L’encadrement rigide des loyers y est pour quelque chose, puisqu’il décourage le maintien de la valeur au marché des unités. Prenez par exemple les immeubles ayant été construits entre 1980 et 1999. Nous avons fait l’exercice de prendre leur loyer selon la SCHL et de les augmenter selon l’IPC québécois jusqu’en 2020. Si l’on compare le loyer obtenu avec le loyer moyen selon la SCHL pour cette même année et pour ces mêmes immeubles, le prix basé sur l’IPC est 13,70 % plus élevé que celui moyen observé.
Les promoteurs, eux ?
Dans un environnement inflationniste comme celui que nous avons connu, cette distorsion s’est exacerbée grandement. Il était malheureusement inévitable que quelque chose cède au niveau du logement. Ceux qui sont à la recherche d’un appartement doivent accorder un budget encore beaucoup plus élevé pour louer.
De surcroît, les promoteurs et les constructeurs se voient imposer où, quand, comment et à quel prix ils doivent construire. À Montréal, il y a eu des exigences de type 20/20/20, une taxe pour le REM, et maintenant le droit de préemption. Ceci contribue encore une fois au déséquilibre dans lequel les projets doivent être menés. Dans ce contexte, les promoteurs ont tendance à privilégier l’abordabilité, le grand luxe ou une superficie beaucoup plus limitée. Il y a peu, voir, pas de choix intermédiaires, surtout lorsqu’il est question d’accueillir des familles. Cette situation est inacceptable et nécessite une approche favorisant un meilleur équilibre.
Face à un nombre grandissant de restrictions, ceux qui bâtissent le logement ne sont plus encouragé à le faire.
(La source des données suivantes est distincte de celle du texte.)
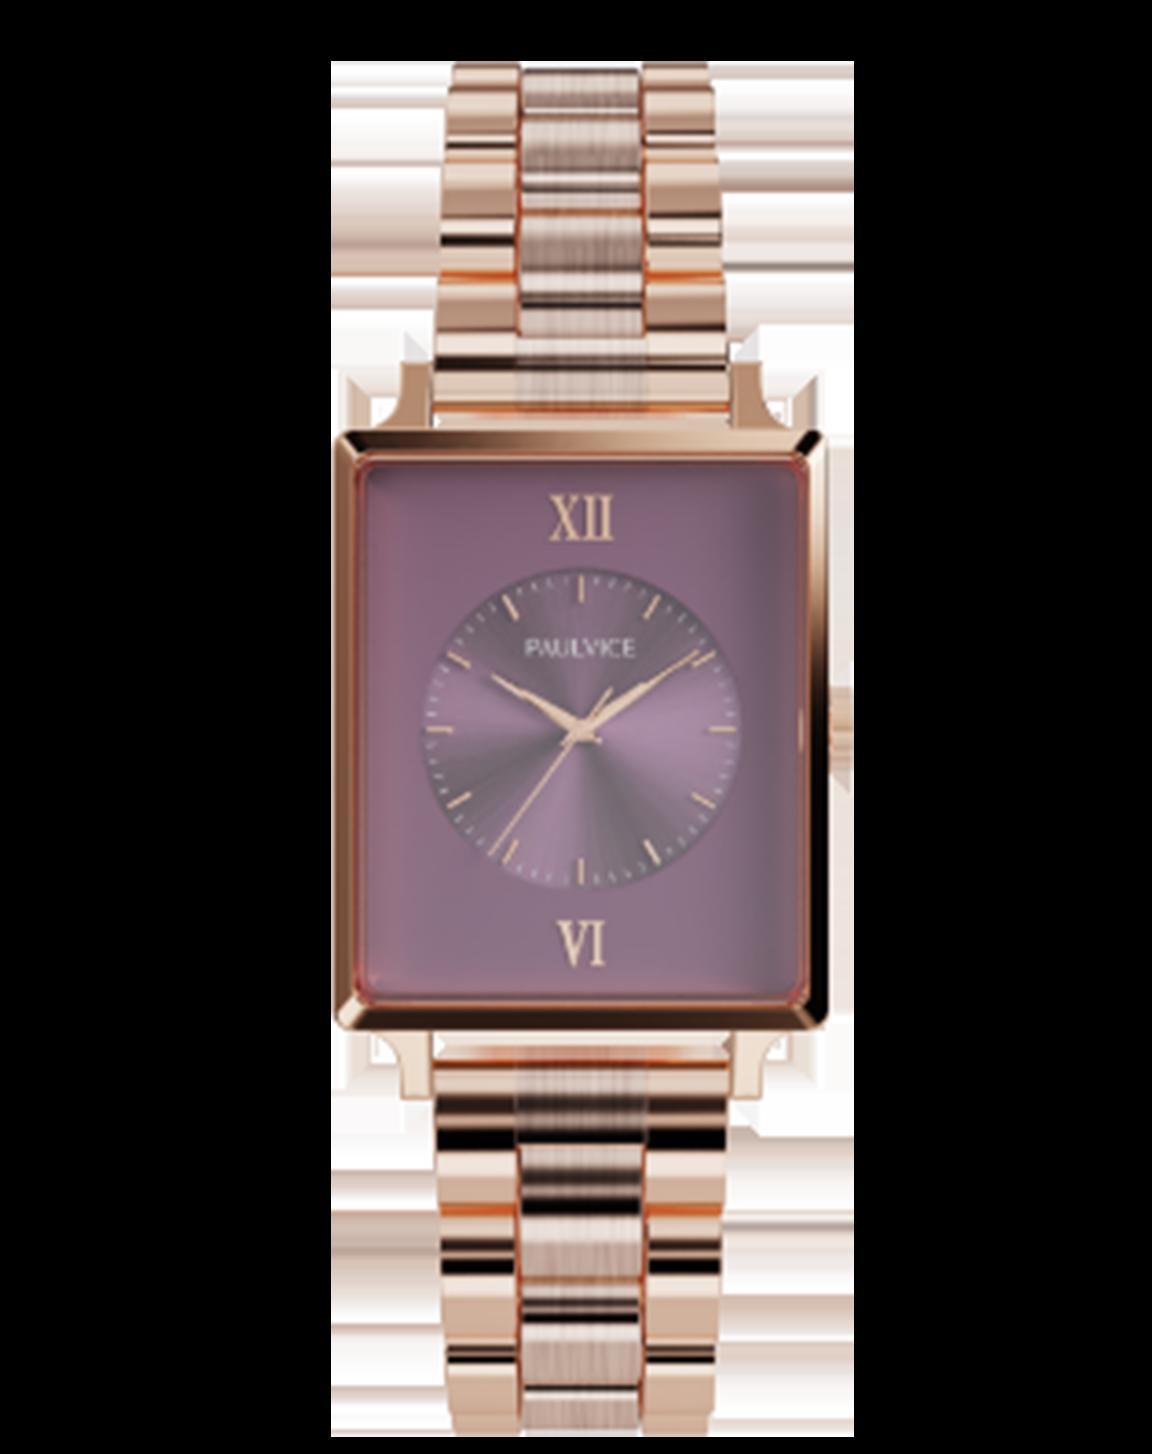 affordable luxury watch, korean women, korean fashion, korean style, korean women look, korean lookbook, fashion watch, korean brands, korean products, best watches for women, ladies watch, feminine watch, lightweight women watch, korean products, PAULVICE, PAULVICE luxurious watches, gift watches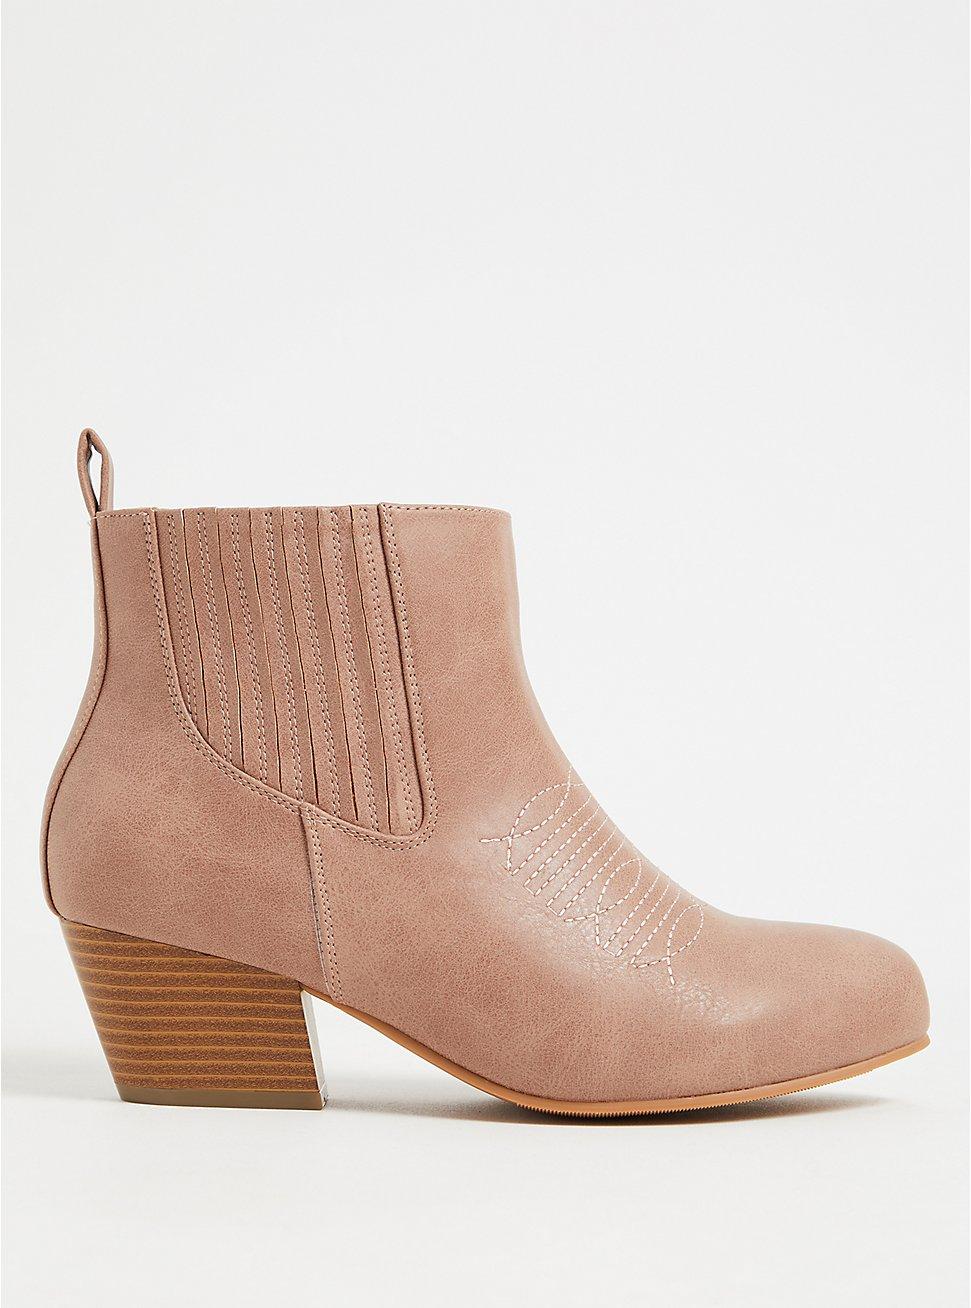 Blush Pink Faux Leather Cowboy Bootie (WW), BLUSH, hi-res

Sommes-nous surpris que, comme ce fût le cas de l’Hippodrome, il n’y ait pas eu de promoteur intéressé ? Une tentative d’imposer des normes d’abordabilité, d’écoresponsabilité et d’accessibilité n’a certainement pas aidé. Jumelé à un manque de vision, personne n’a voulu prendre en charge ce projet phare de la Ville de Montréal.
La vraie crise en vue
Si l’on pouvait s’affranchir de certaines exigences, l’attribution de qui paie quoi serait davantage basée sur l’offre et la demande. Ceci favoriserait une dynamique avantageuse pour le logement. Les promoteurs auraient une plus grande flexibilité face aux logements qu’ils construiront. Bref, tout comme l’expérience de remplir un bocal de sable avant d’y ajouter des cailloux et des roches, ajouter des exigences et des règles ne permettra pas de pleinement combler le déficit. Ceci vient à l’encontre du principe de ruissellement et ne profite à personne, favorisant même une crise encore plus grande. Tout cela à l’heure où nos gouvernements ont de grands objectifs liés à l’immigration.
Sur une note positive, à Québec, la nouvelle ministre du logement est actuellement à la recherche de solutions novatrices pour les enjeux du milieu locatif. On y passerait en revue diverses recommandations pour apporter des solutions efficaces en matière d’habitation. Également, la Corporation des propriétaires immobiliers du Québec (CORPIQ) mène un sondage ouvert à tous afin d’obtenir les recommandations des propriétaires en matières législatives. La volonté de trouver des solutions n’a jamais été aussi forte. Par contre, il est primordial d’alléger le processus de création de logement, et de travailler de pair avec les promoteurs.